» Directions for this task
Every record must come back unchanged, apart from the pictures, which are dropped.

-- Supplied information follows --

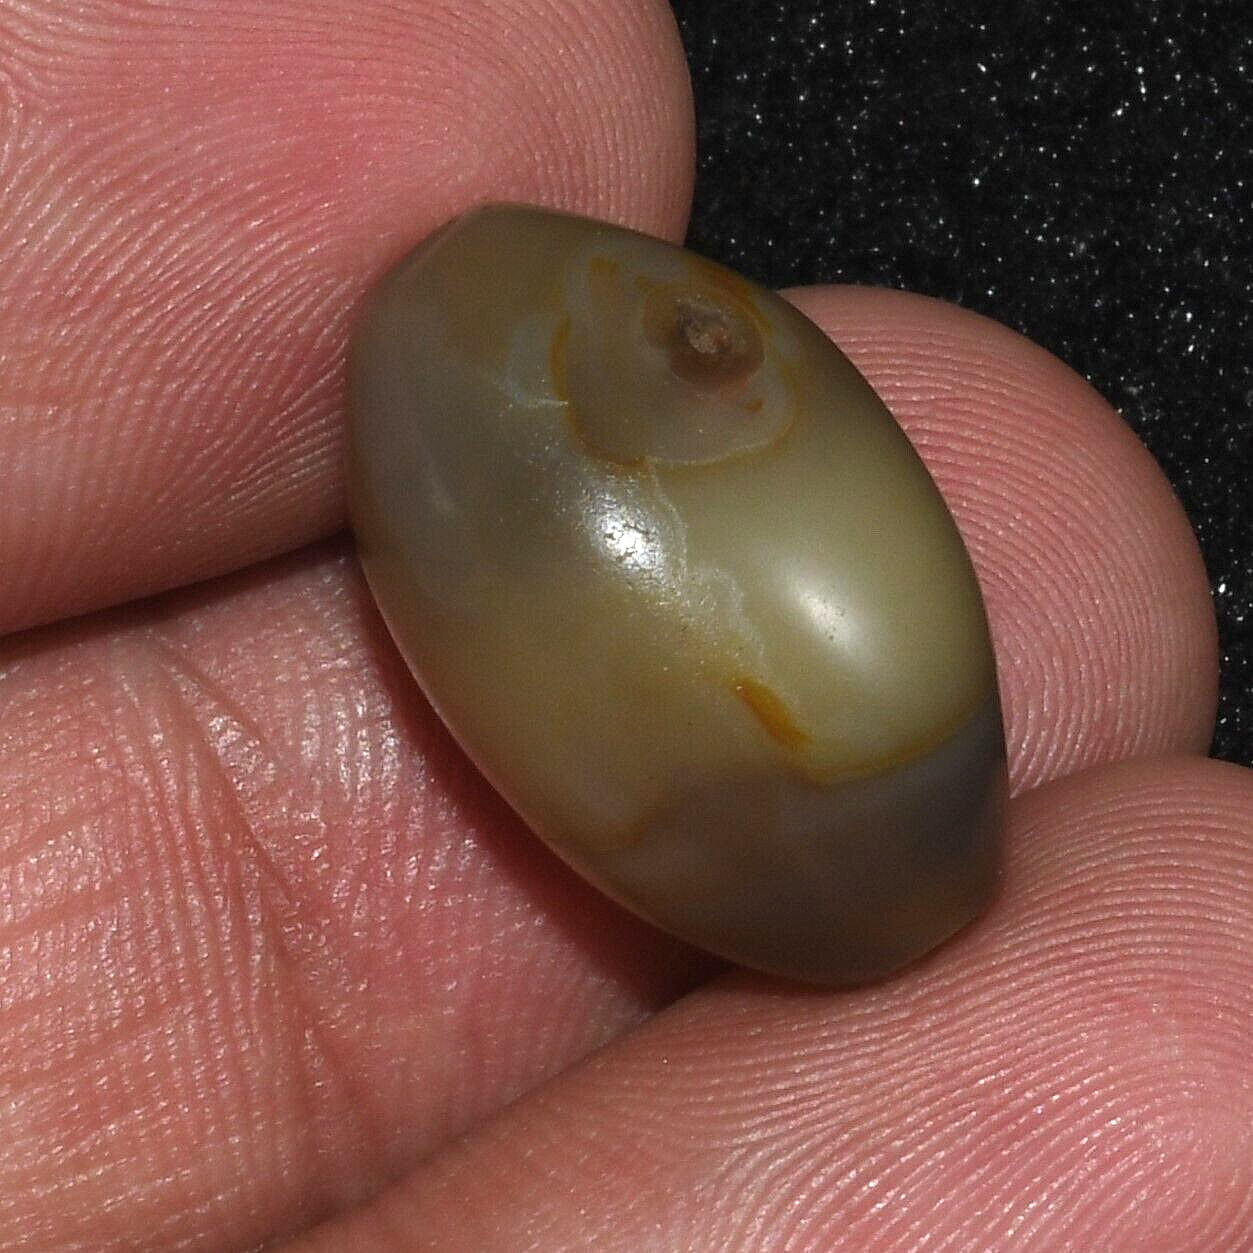 Genuine Big Ancient Tibetan Banded Agate Bead in Good Condition over 2000 Years
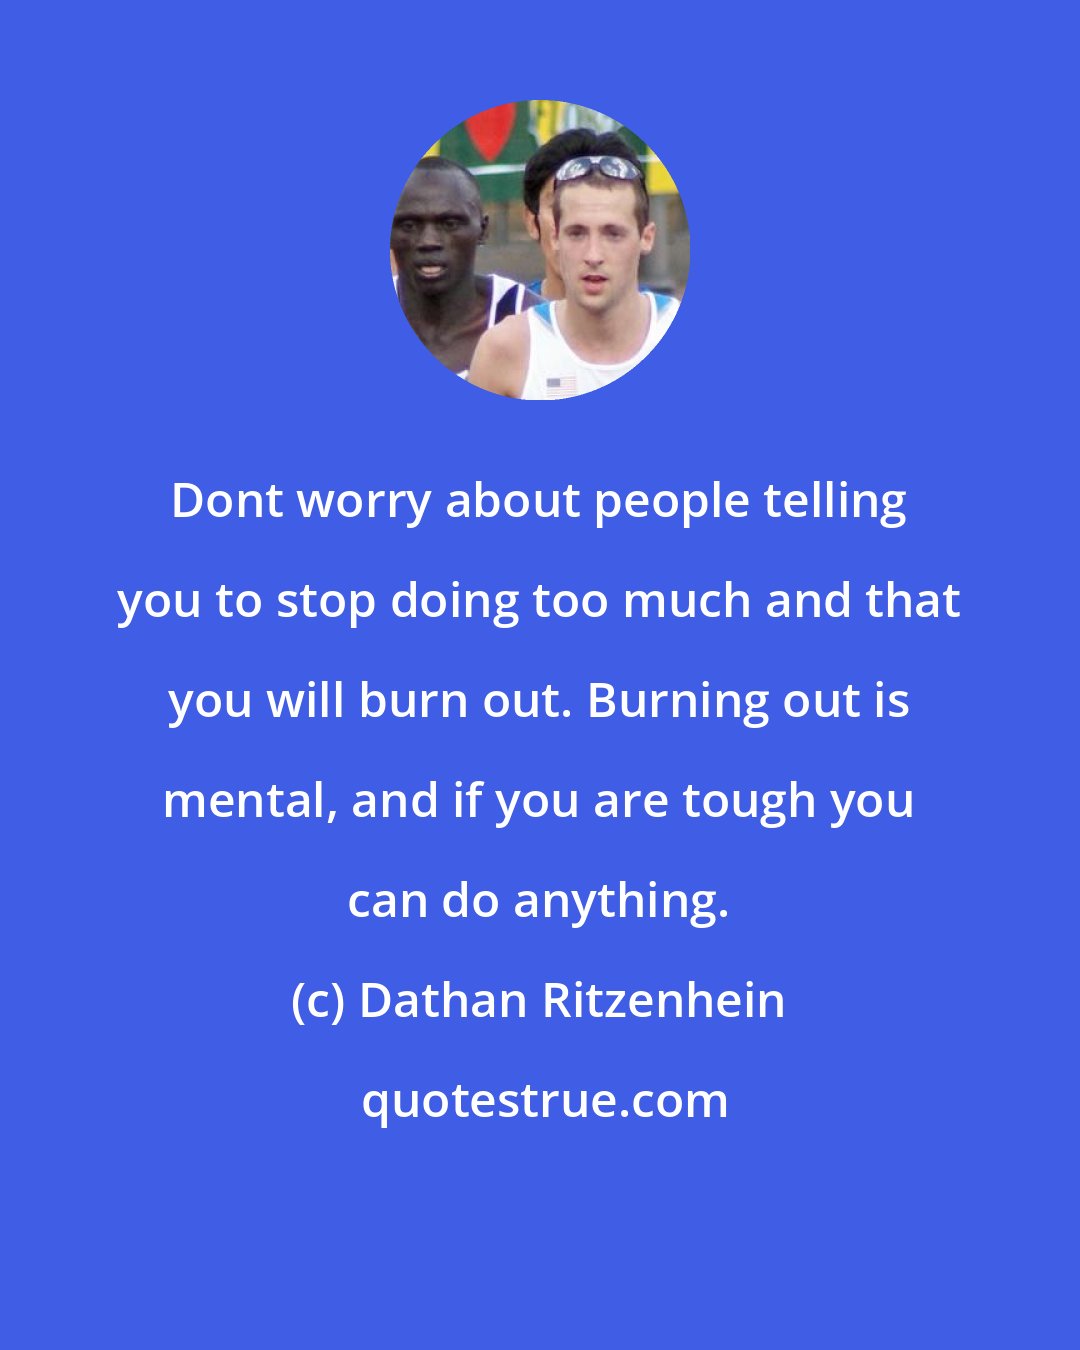 Dathan Ritzenhein: Dont worry about people telling you to stop doing too much and that you will burn out. Burning out is mental, and if you are tough you can do anything.
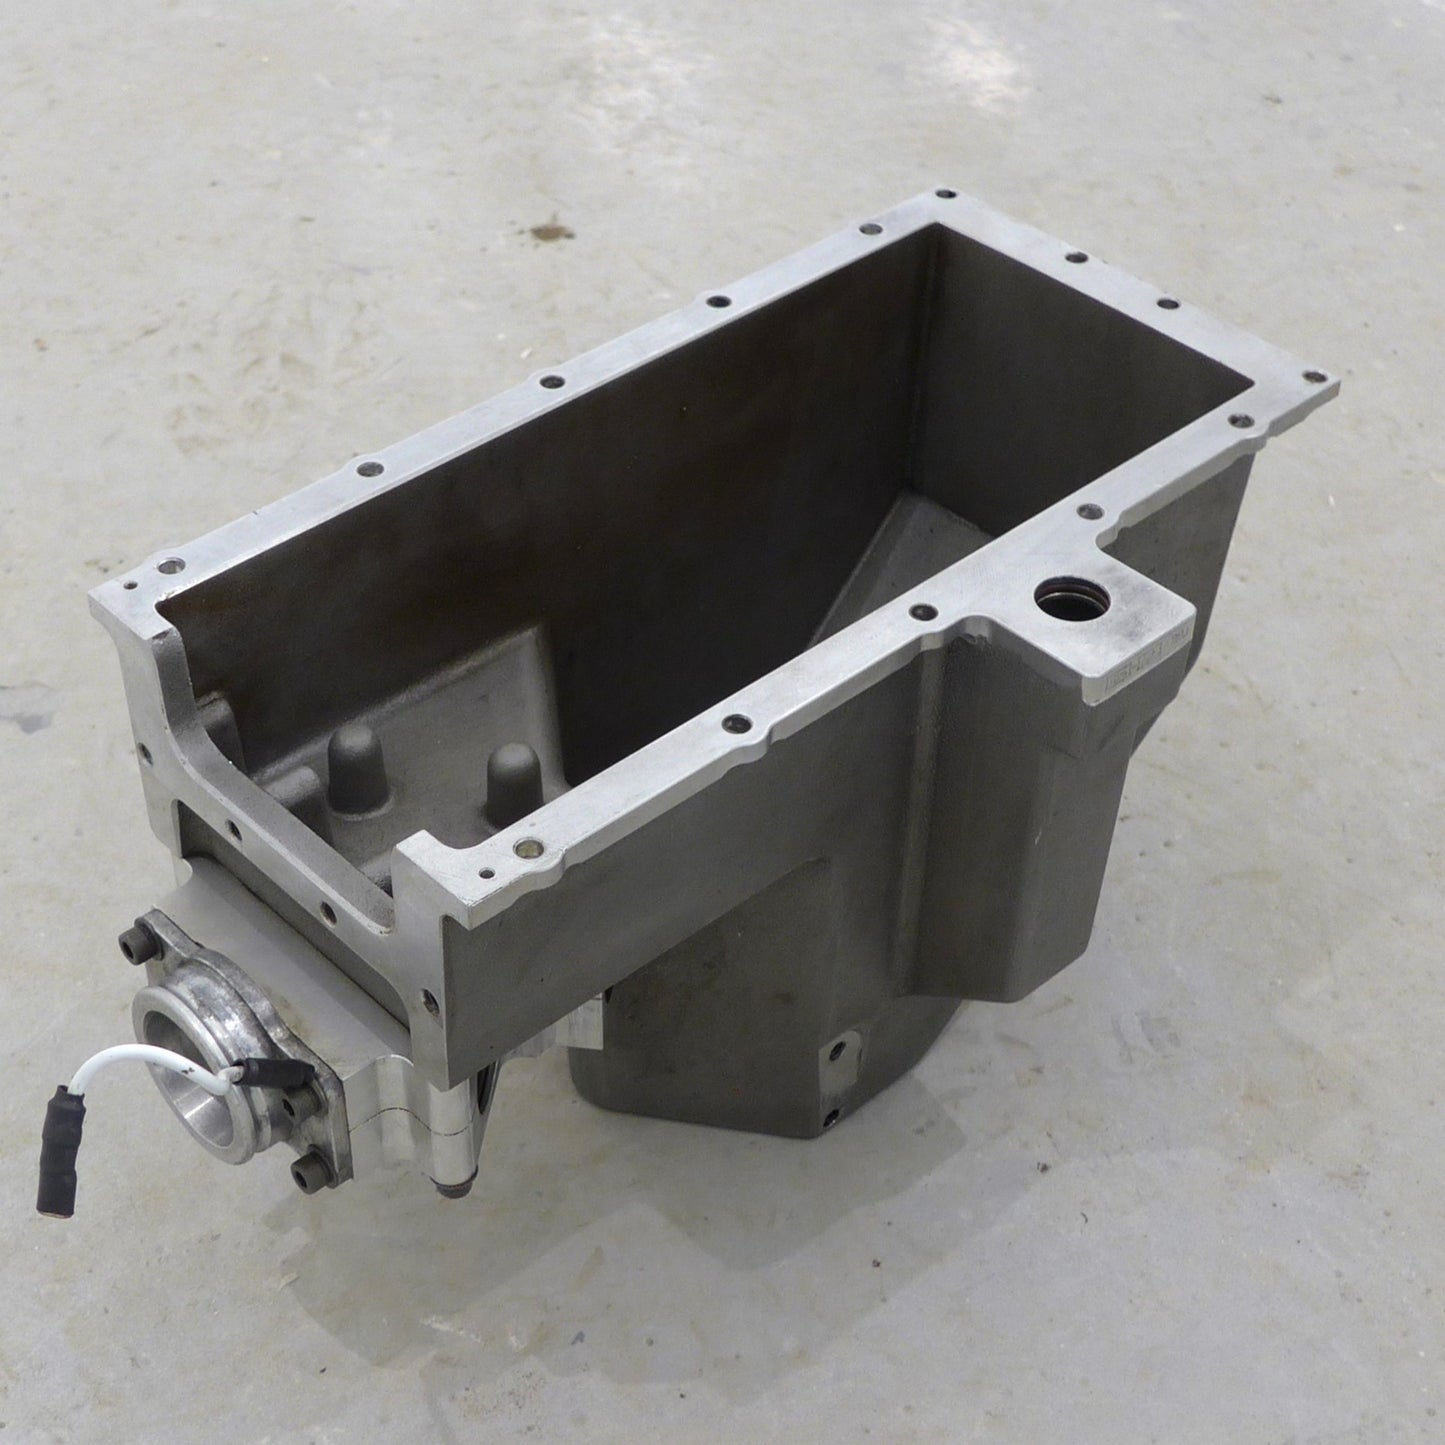 Sump Machined Large Capacity - J2200 (A/R)
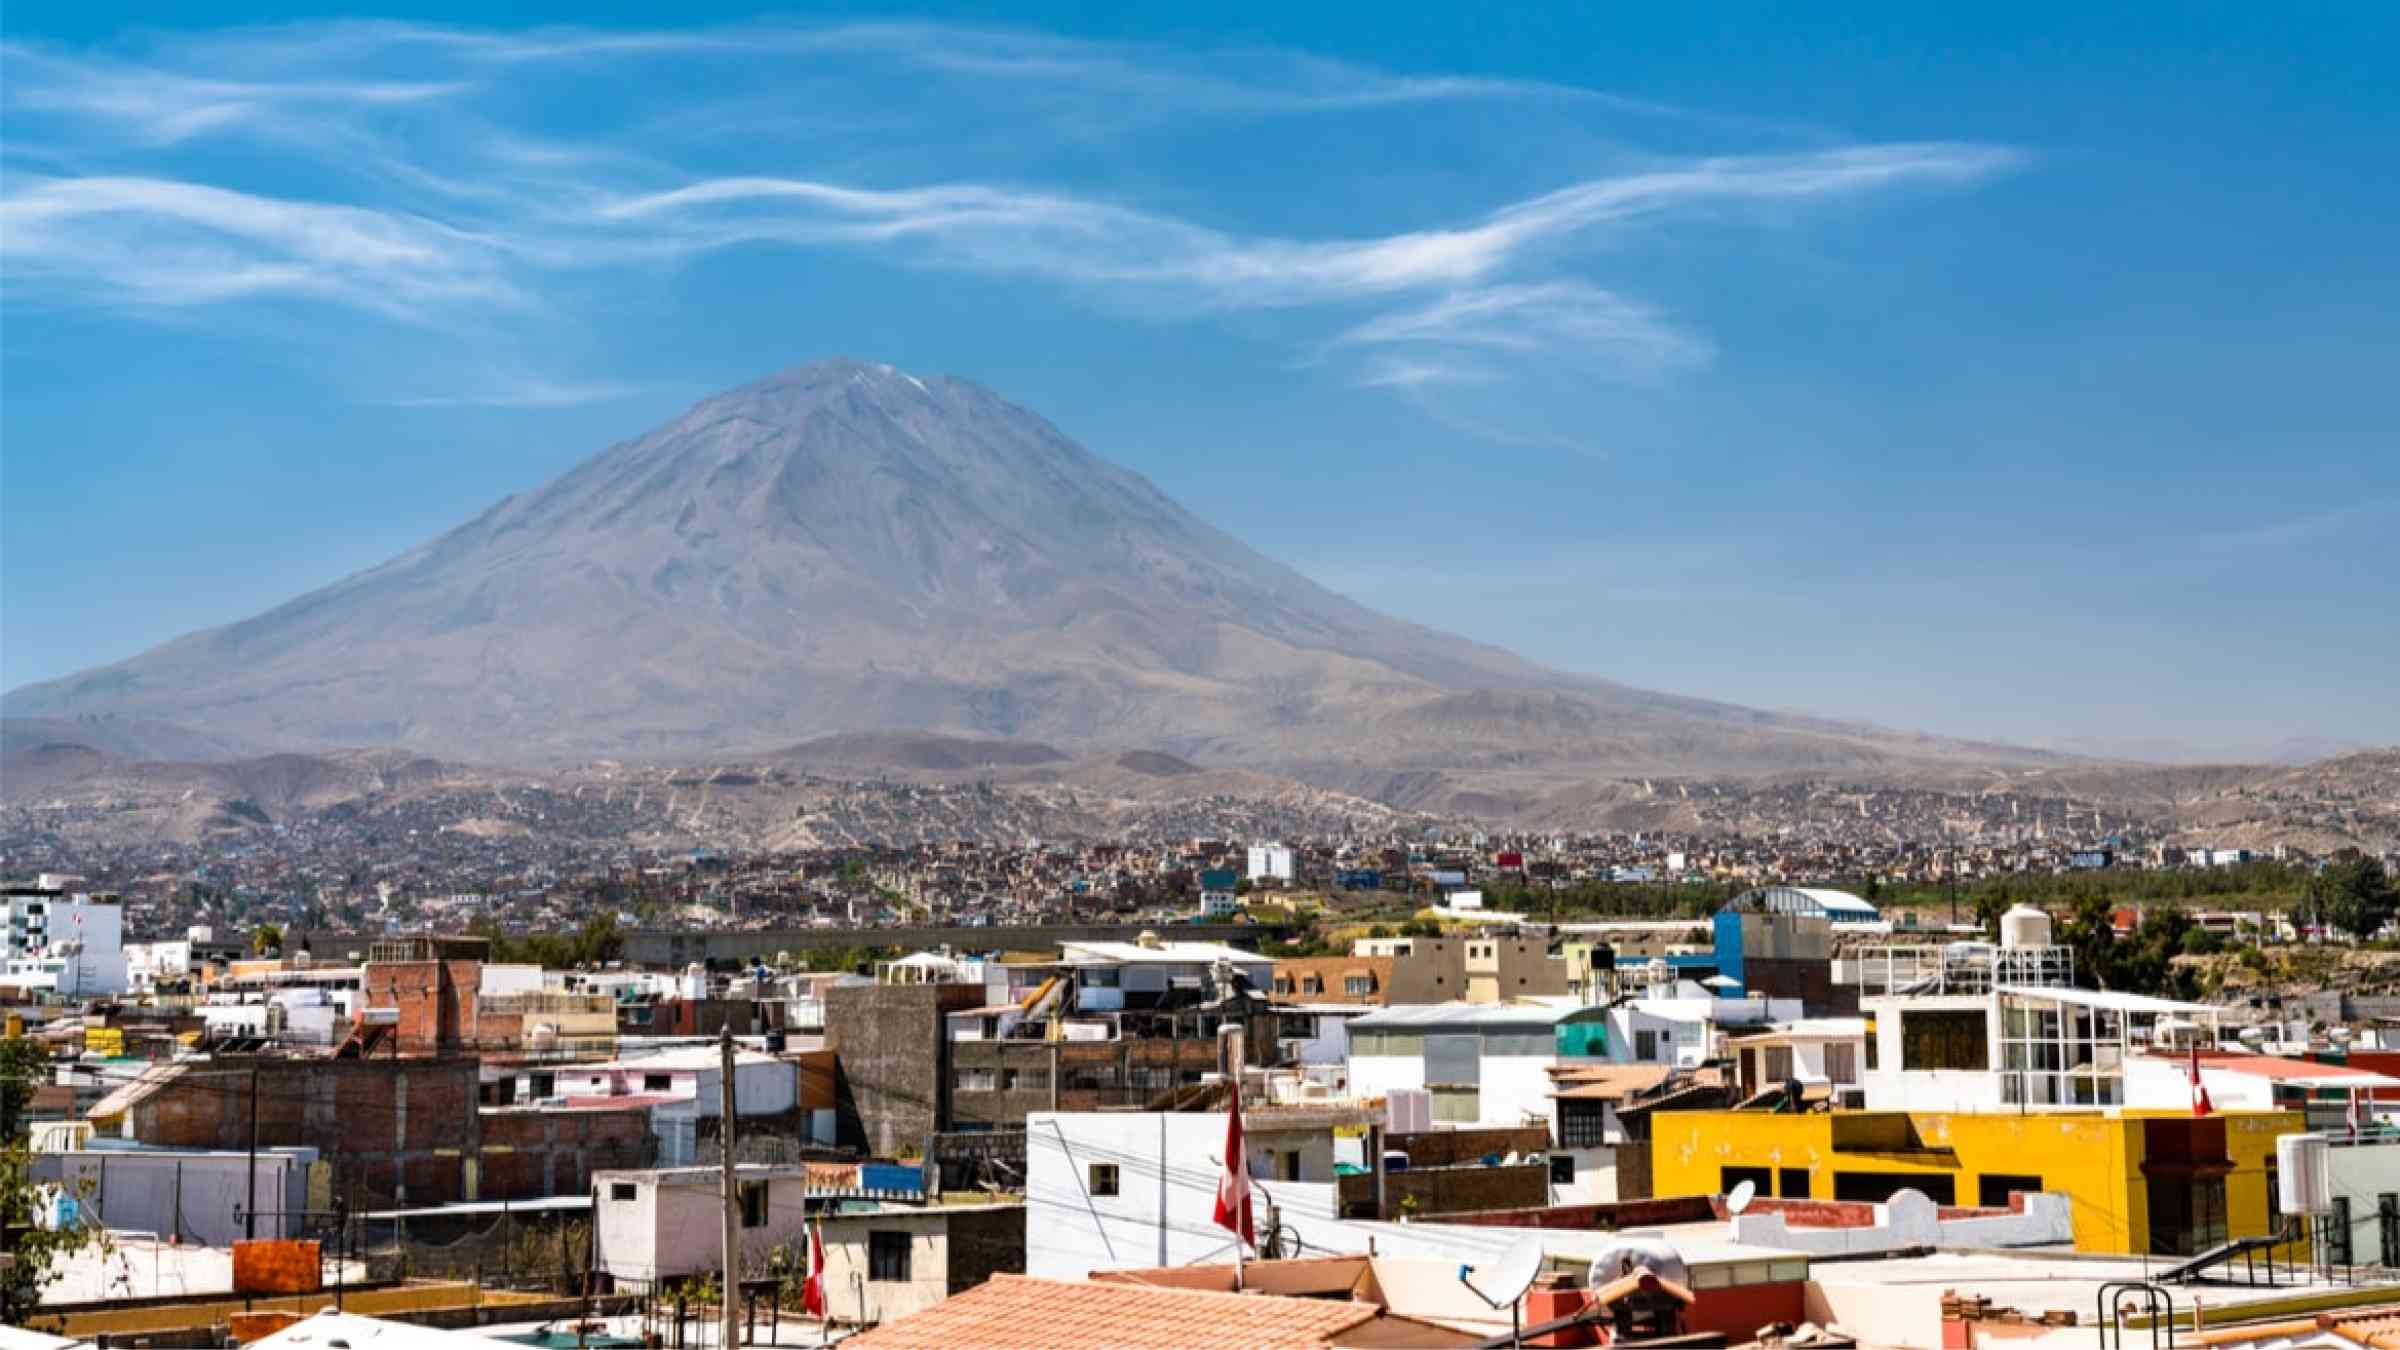 View of the volcano behing the city of Arequipa, Peru
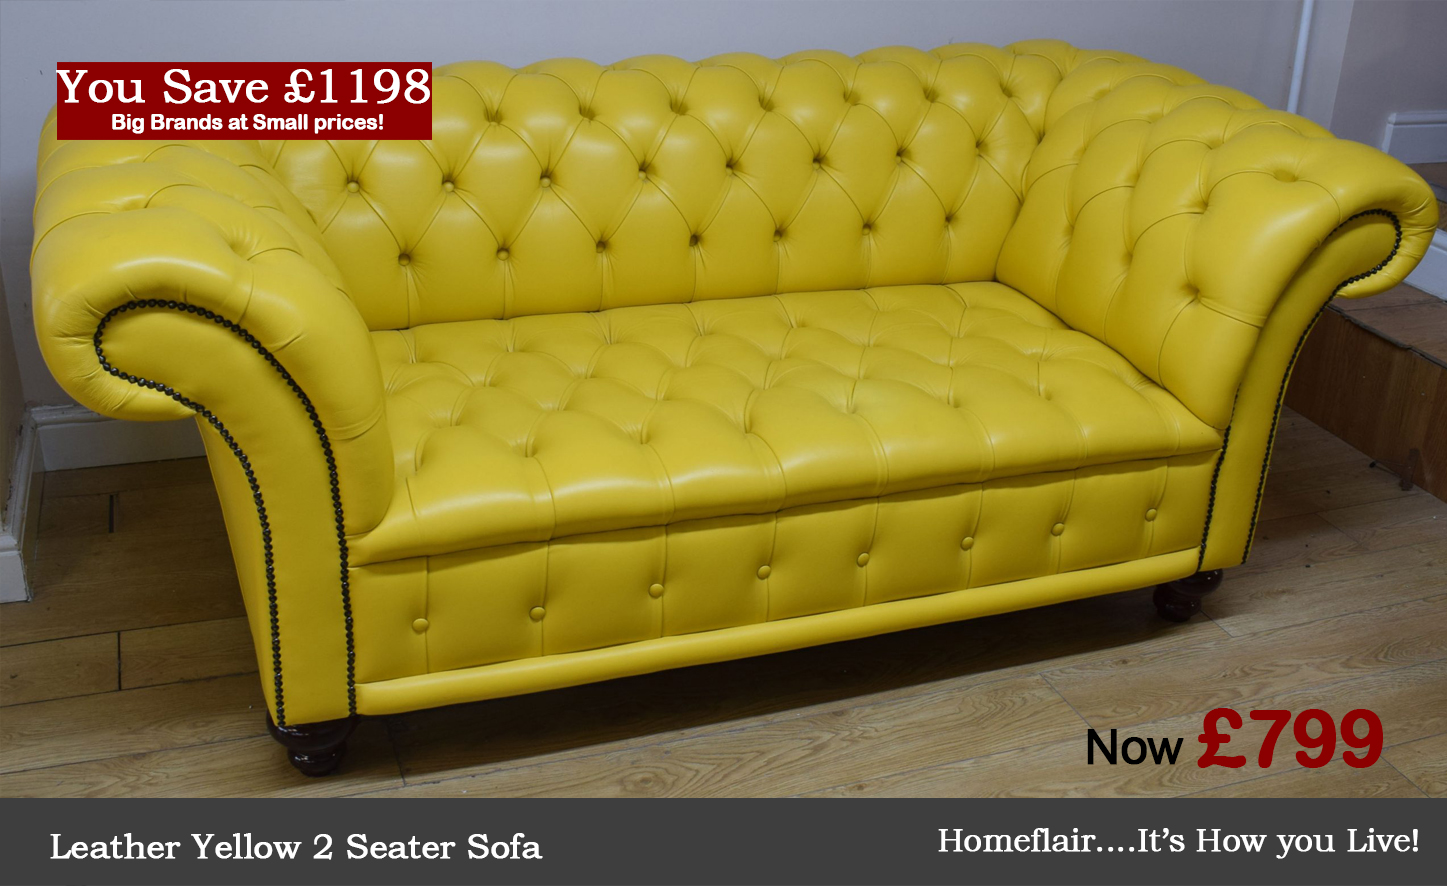 Ercup Yellow Leather 2 Seater

-- Supplied information concluded --

» Result
 Genuine Big Ancient Tibetan Banded Agate Bead in Good Condition over 2000 Years
 Dathan Ritzenhein: Dont worry about people telling you to stop doing too much and that you will burn out. Burning out is mental, and if you are tough you can do anything.
 Sump Machined Large Capacity - J2200 (A/R)
 View of the volcano behing the city of Arequipa, Peru
 Ercup Yellow Leather 2 Seater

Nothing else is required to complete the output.